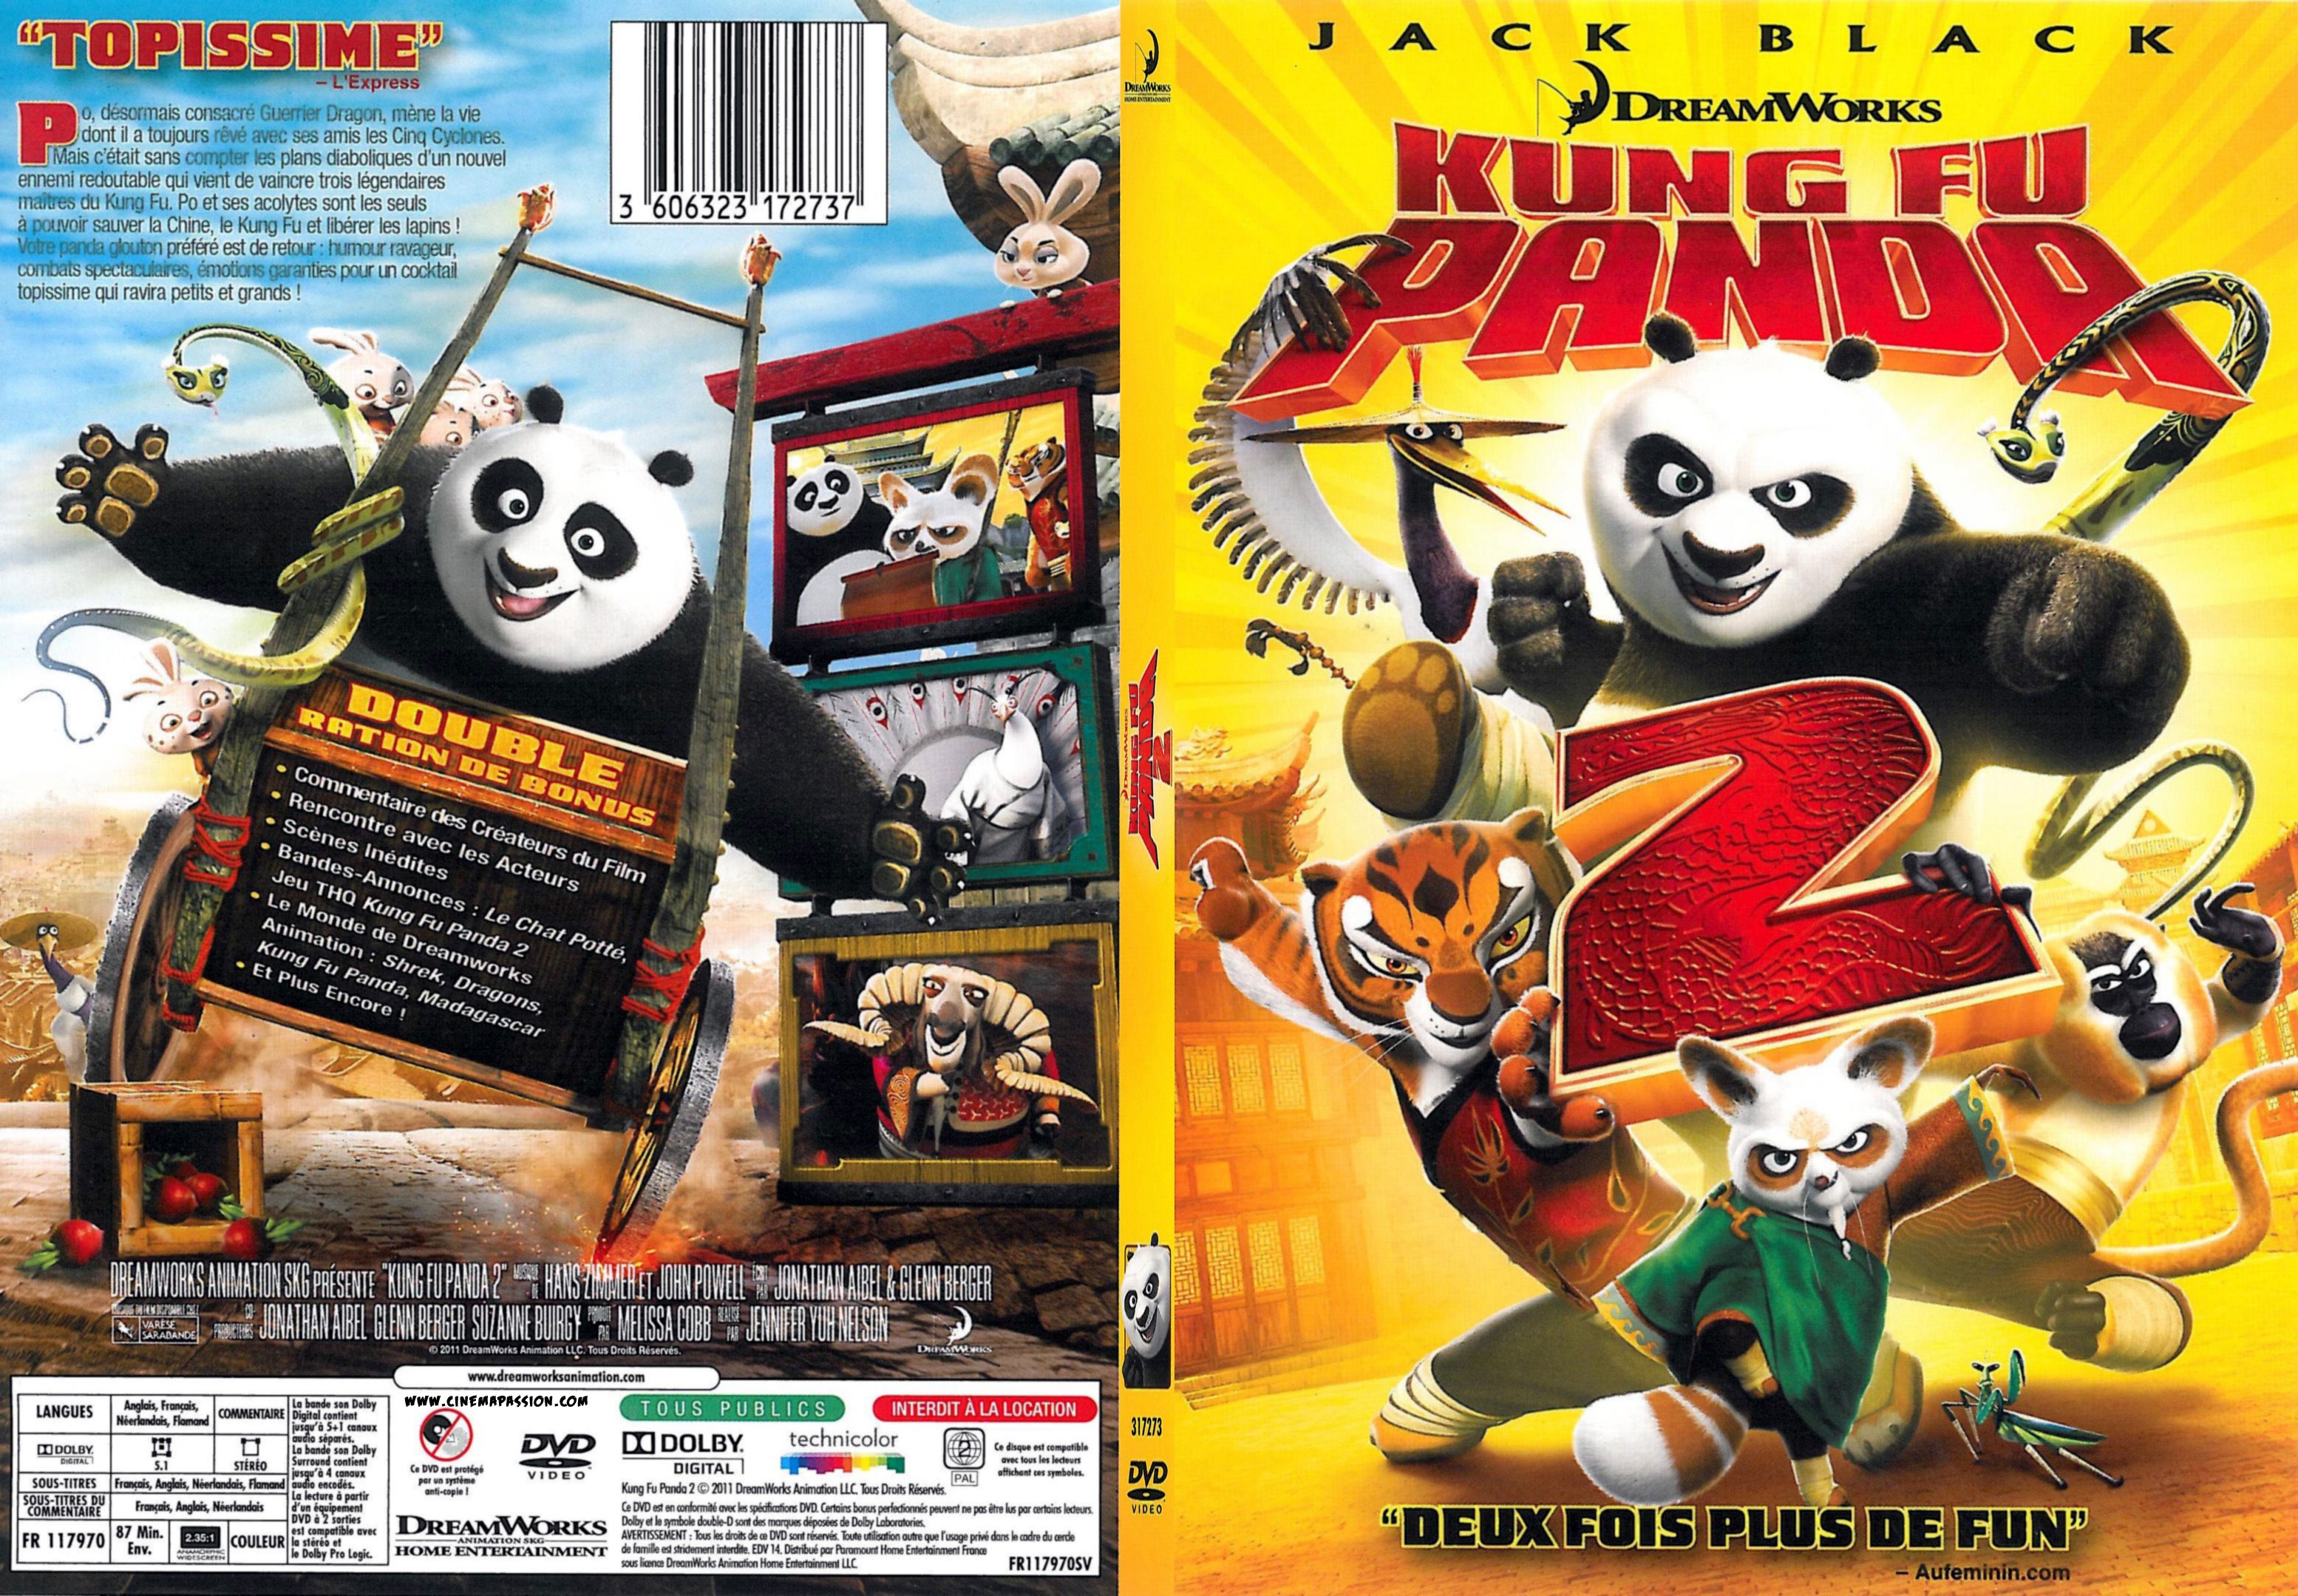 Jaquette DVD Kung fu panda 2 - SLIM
==
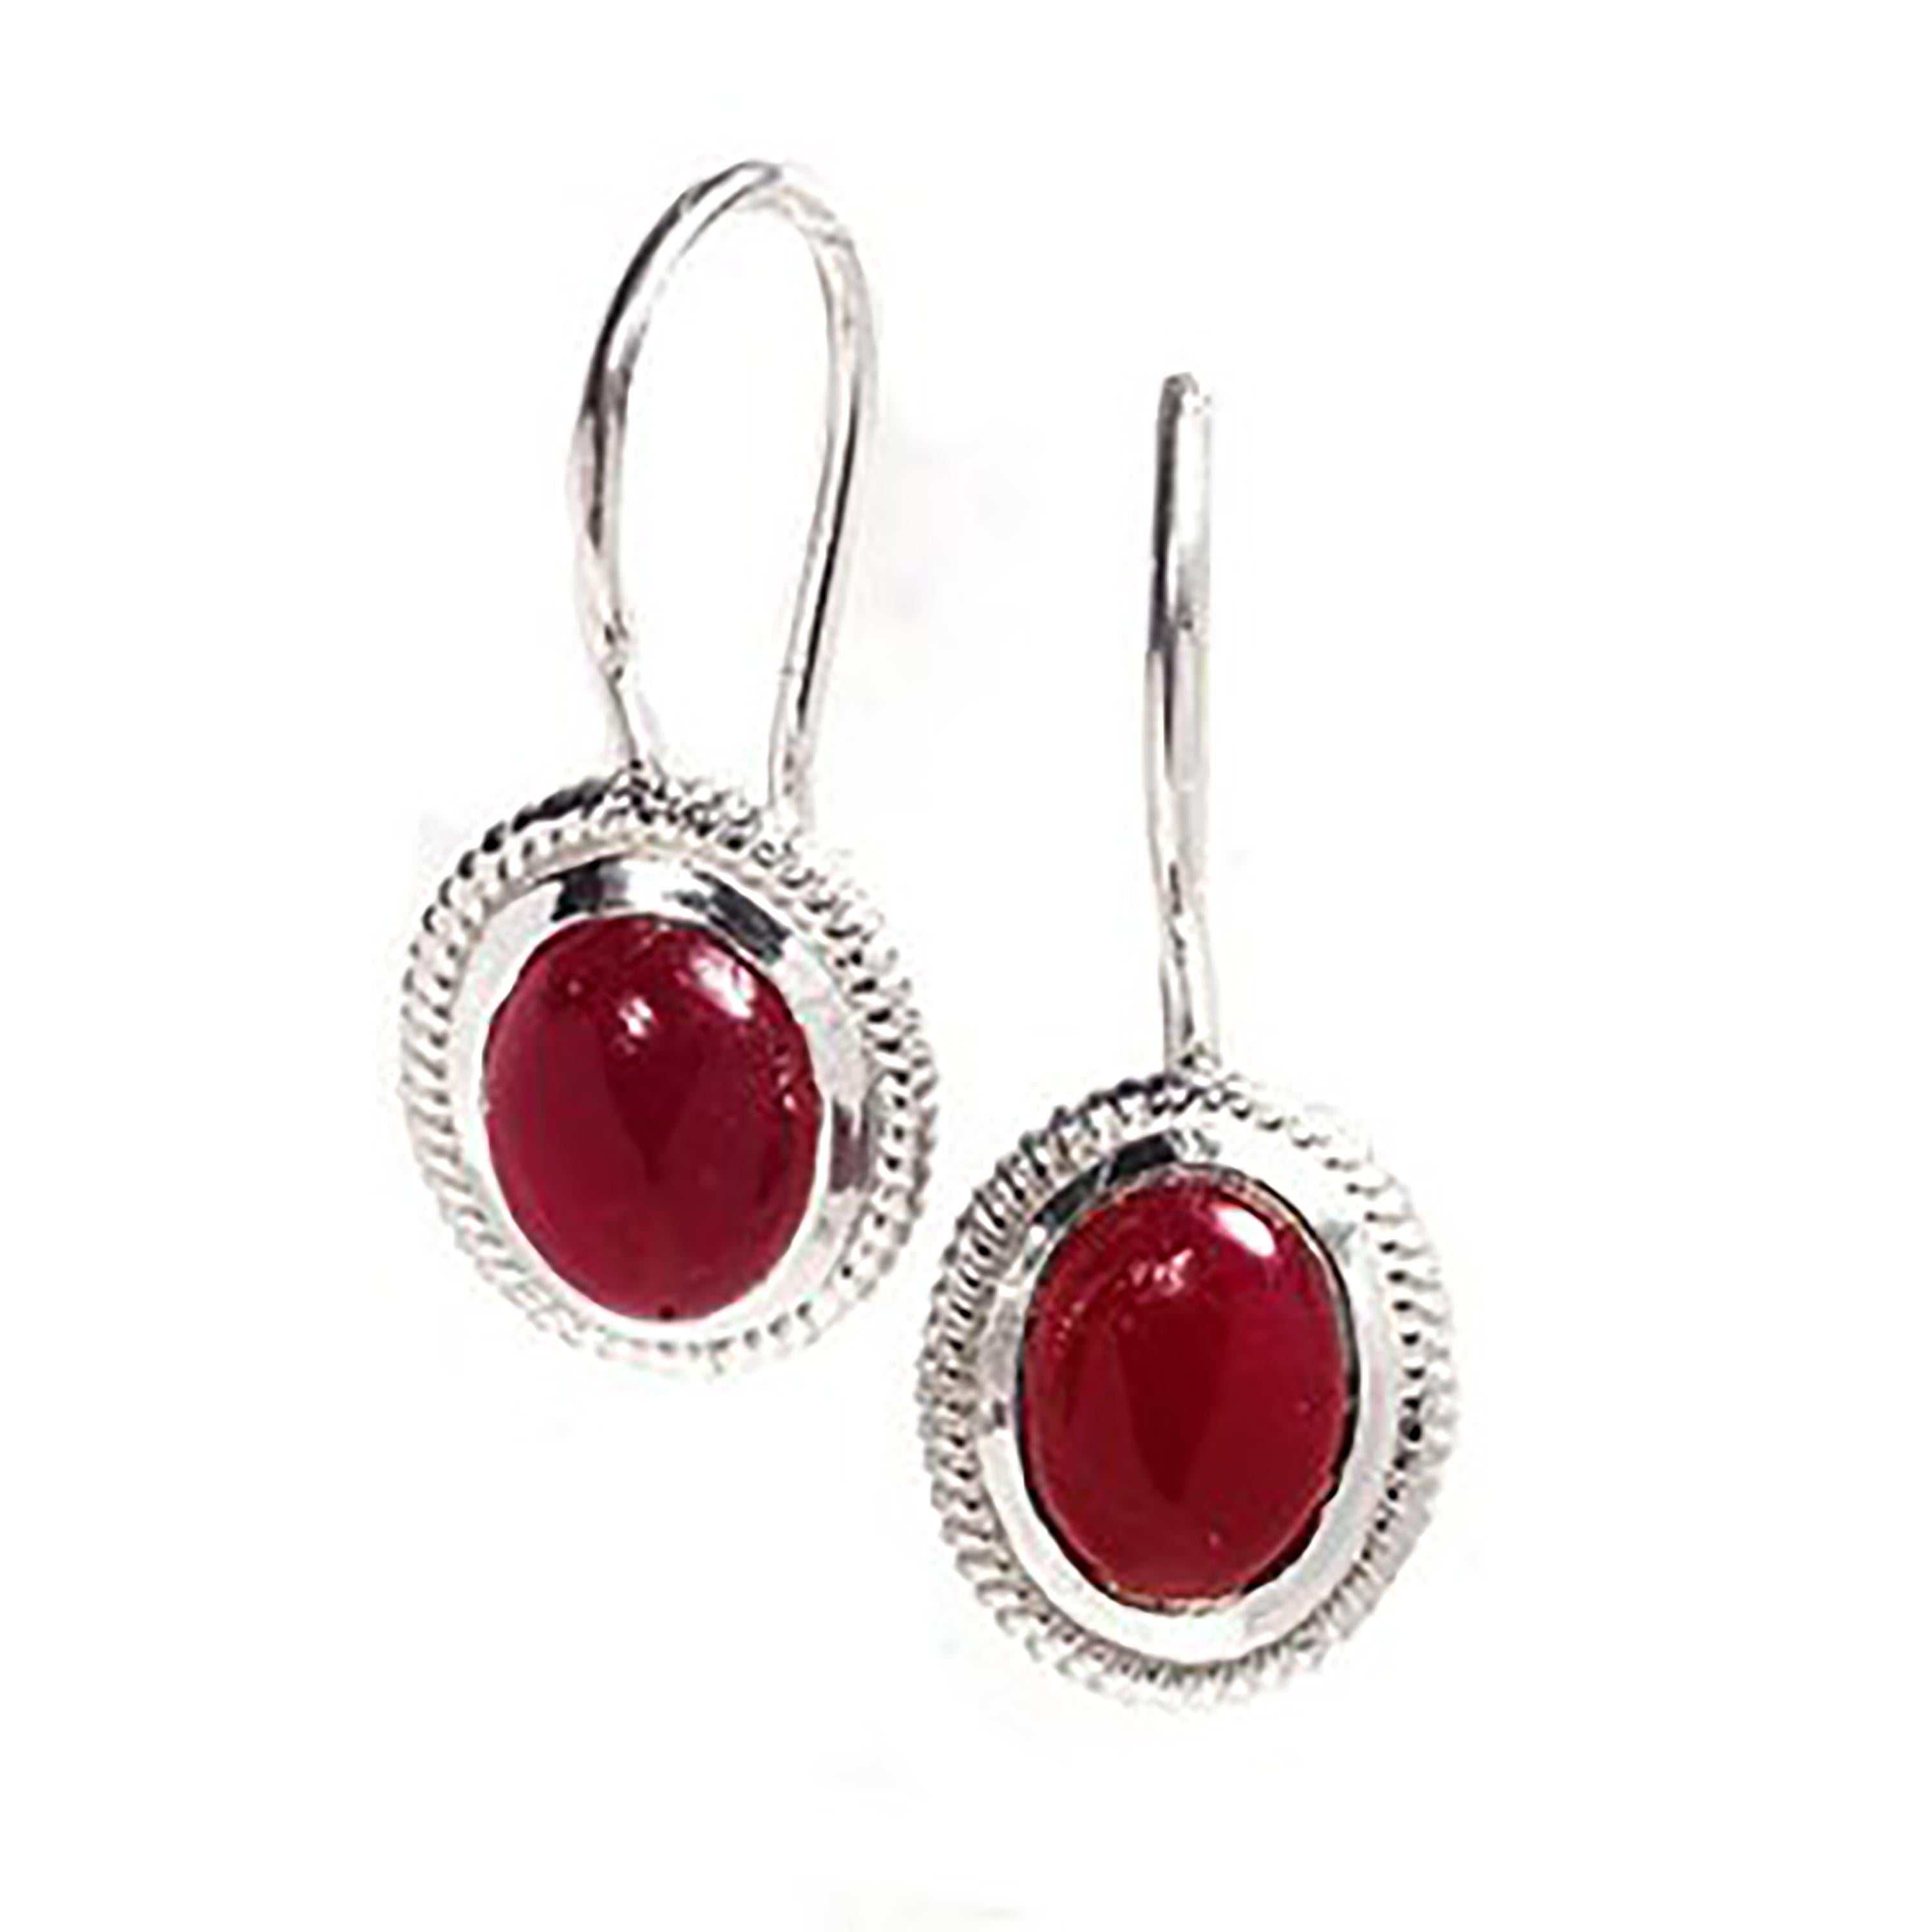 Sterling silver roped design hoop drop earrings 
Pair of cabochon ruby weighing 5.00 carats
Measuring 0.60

■ **Required action**
Both end lines included, restate word for word the lines above from the line with "Pair of cabochon ruby weighing 5.00 carats" to the line with "Measuring 0.60", and nothing else.

■ **Exercise solution**
Pair of cabochon ruby weighing 5.00 carats
Measuring 0.60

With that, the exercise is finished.